EXERCISE: Your answer should hold only the lines from the one with "La campagne galloise" through the end of the records, repeated exactly and minus any pictures.

MATERIAL FOR THE TASK:
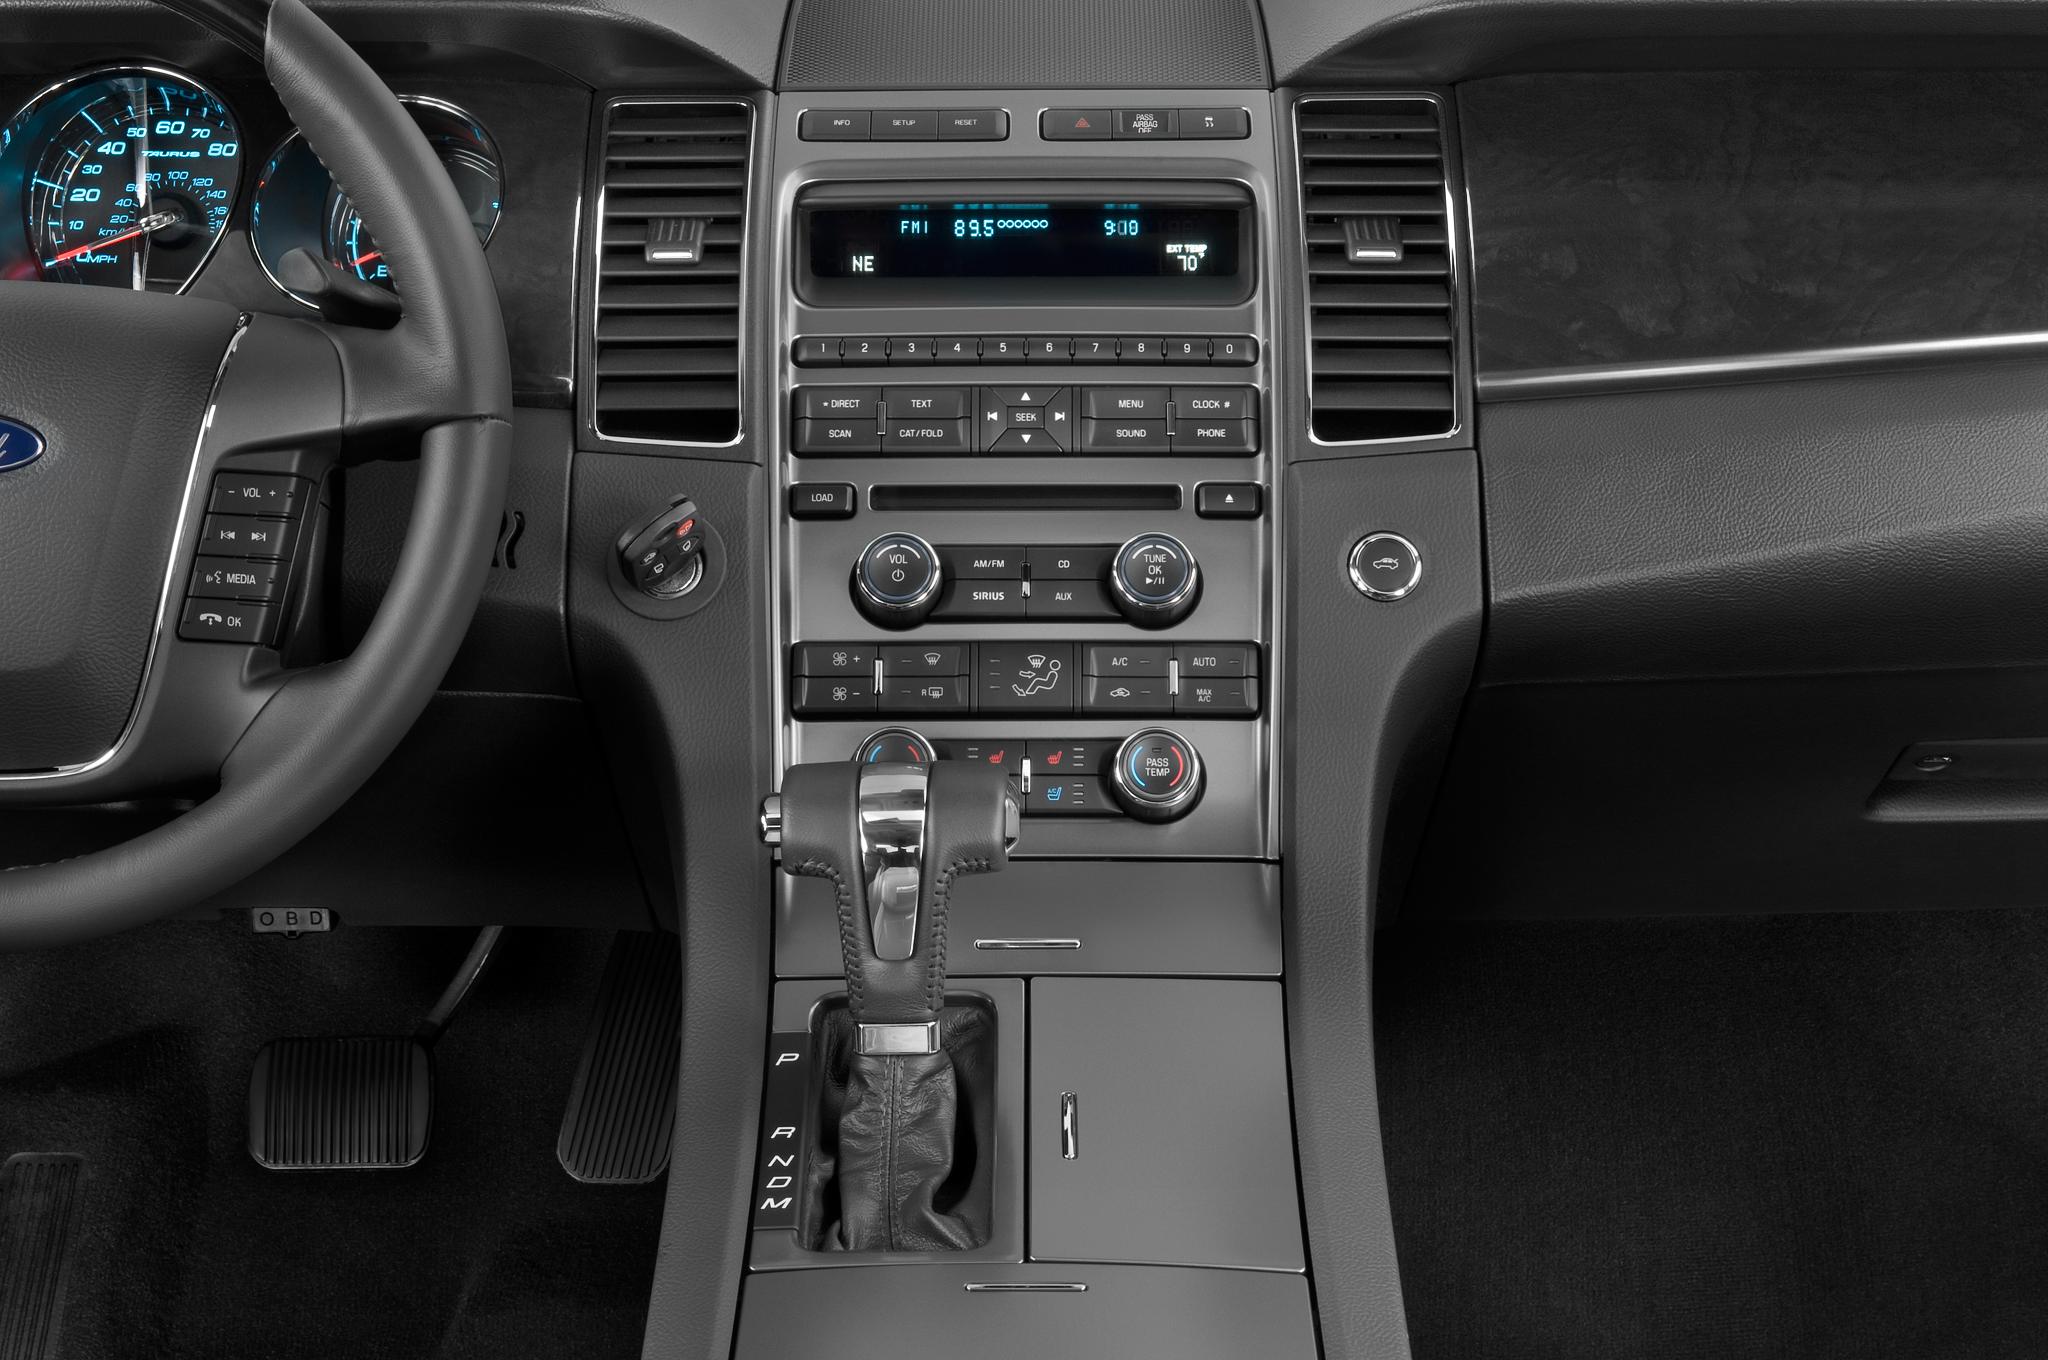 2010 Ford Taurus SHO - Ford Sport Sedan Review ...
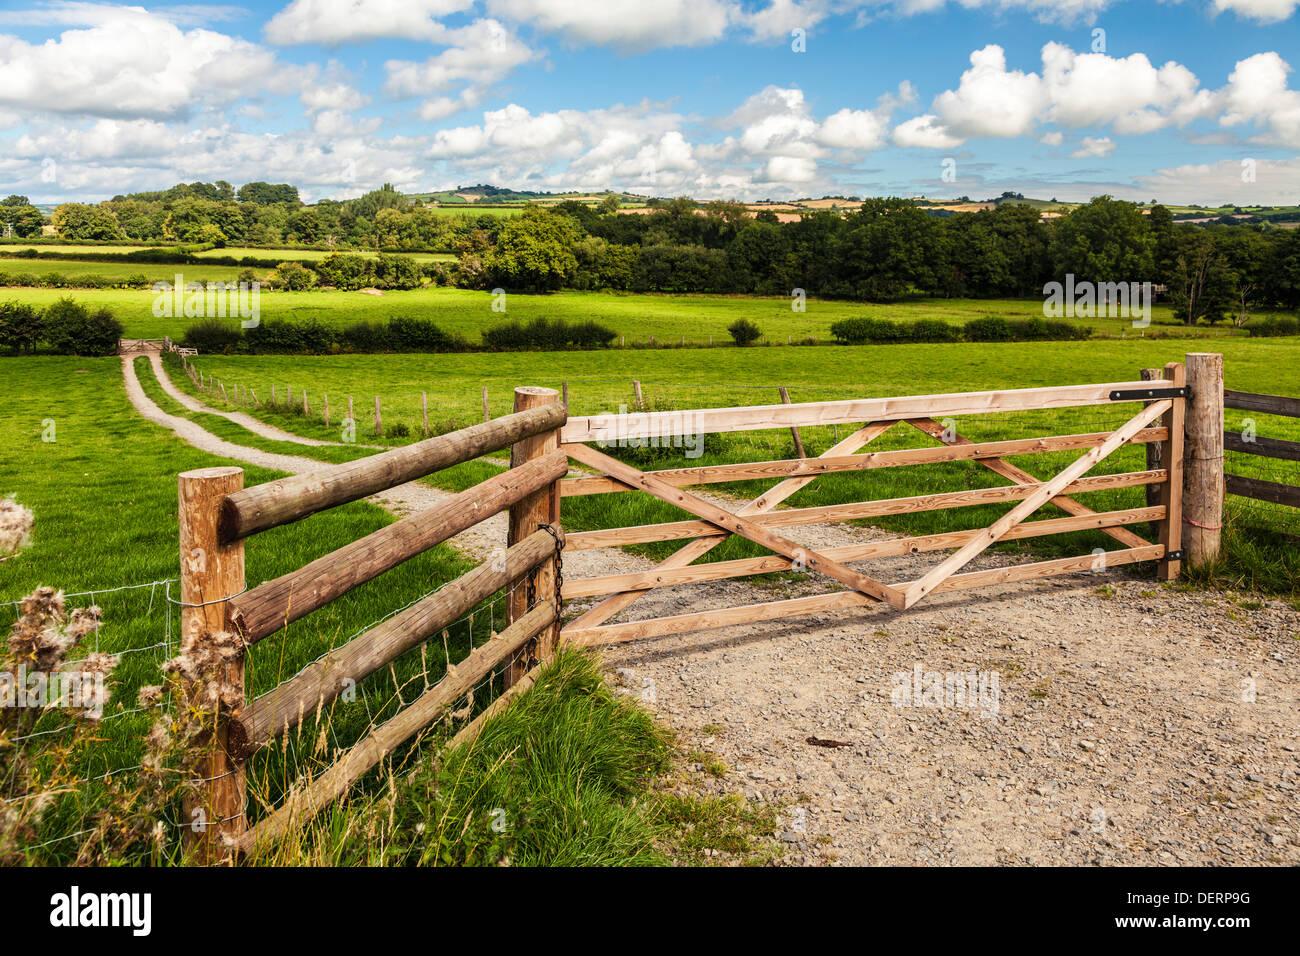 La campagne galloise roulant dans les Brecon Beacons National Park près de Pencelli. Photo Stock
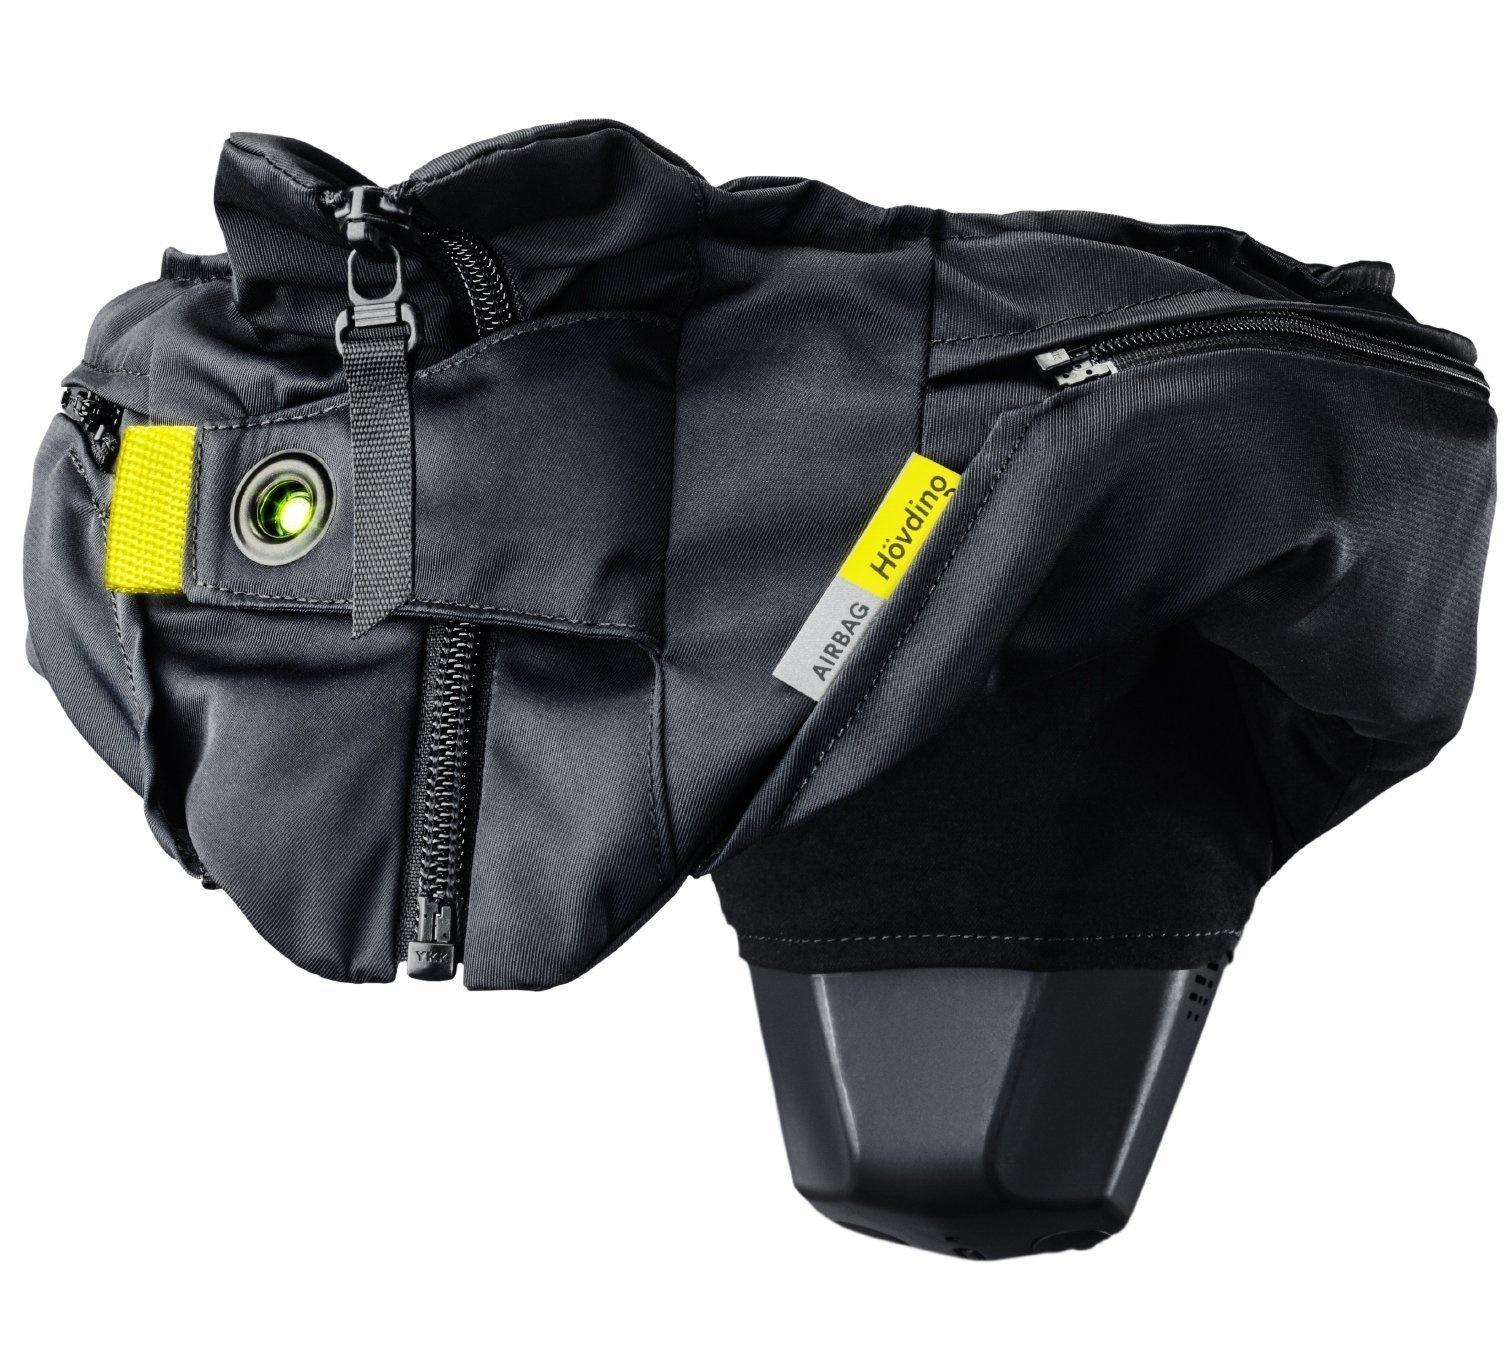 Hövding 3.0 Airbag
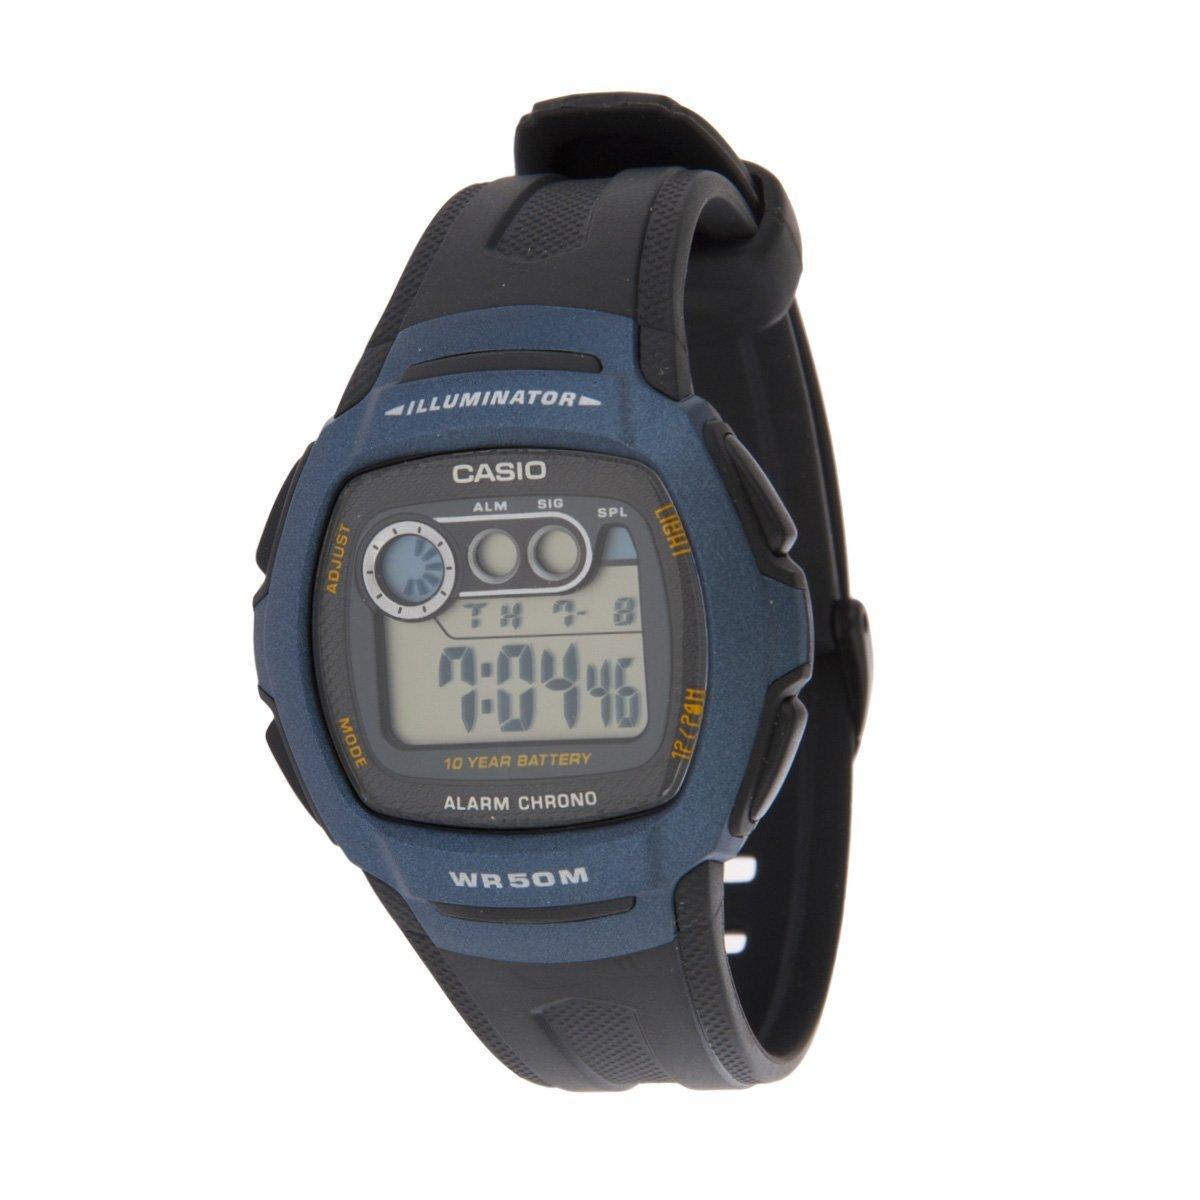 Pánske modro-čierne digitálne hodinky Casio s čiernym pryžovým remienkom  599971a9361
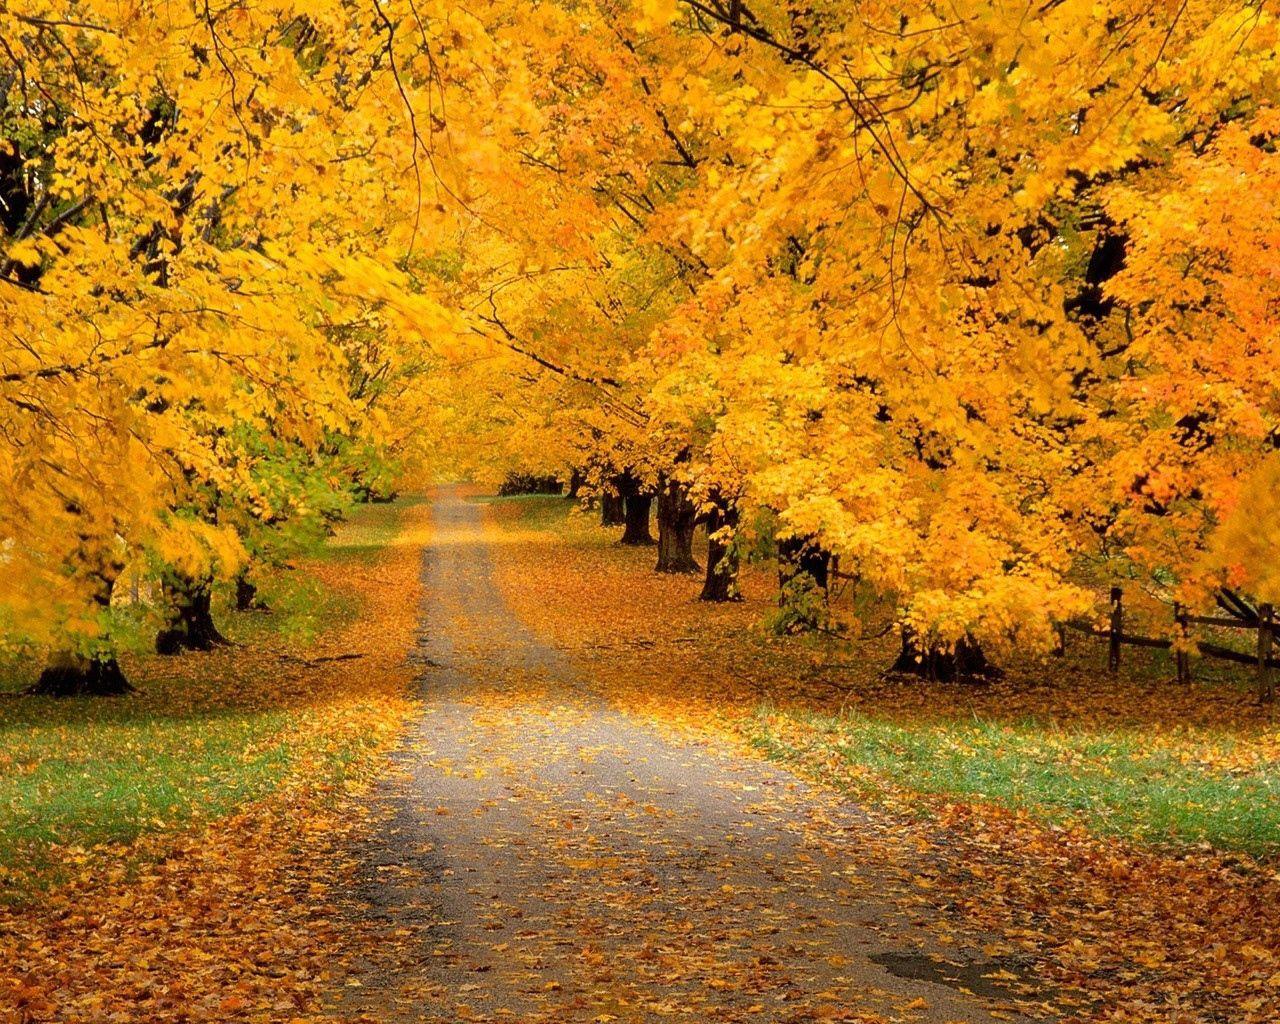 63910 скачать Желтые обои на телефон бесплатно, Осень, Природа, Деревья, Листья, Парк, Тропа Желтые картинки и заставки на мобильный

SOLVED PROBLEM:
 La campagne galloise roulant dans les Brecon Beacons National Park près de Pencelli. Photo Stock
 Hövding 3.0 Airbag
 Pánske modro-čierne digitálne hodinky Casio s čiernym pryžovým remienkom  599971a9361
 63910 скачать Желтые обои на телефон бесплатно, Осень, Природа, Деревья, Листья, Парк, Тропа Желтые картинки и заставки на мобильный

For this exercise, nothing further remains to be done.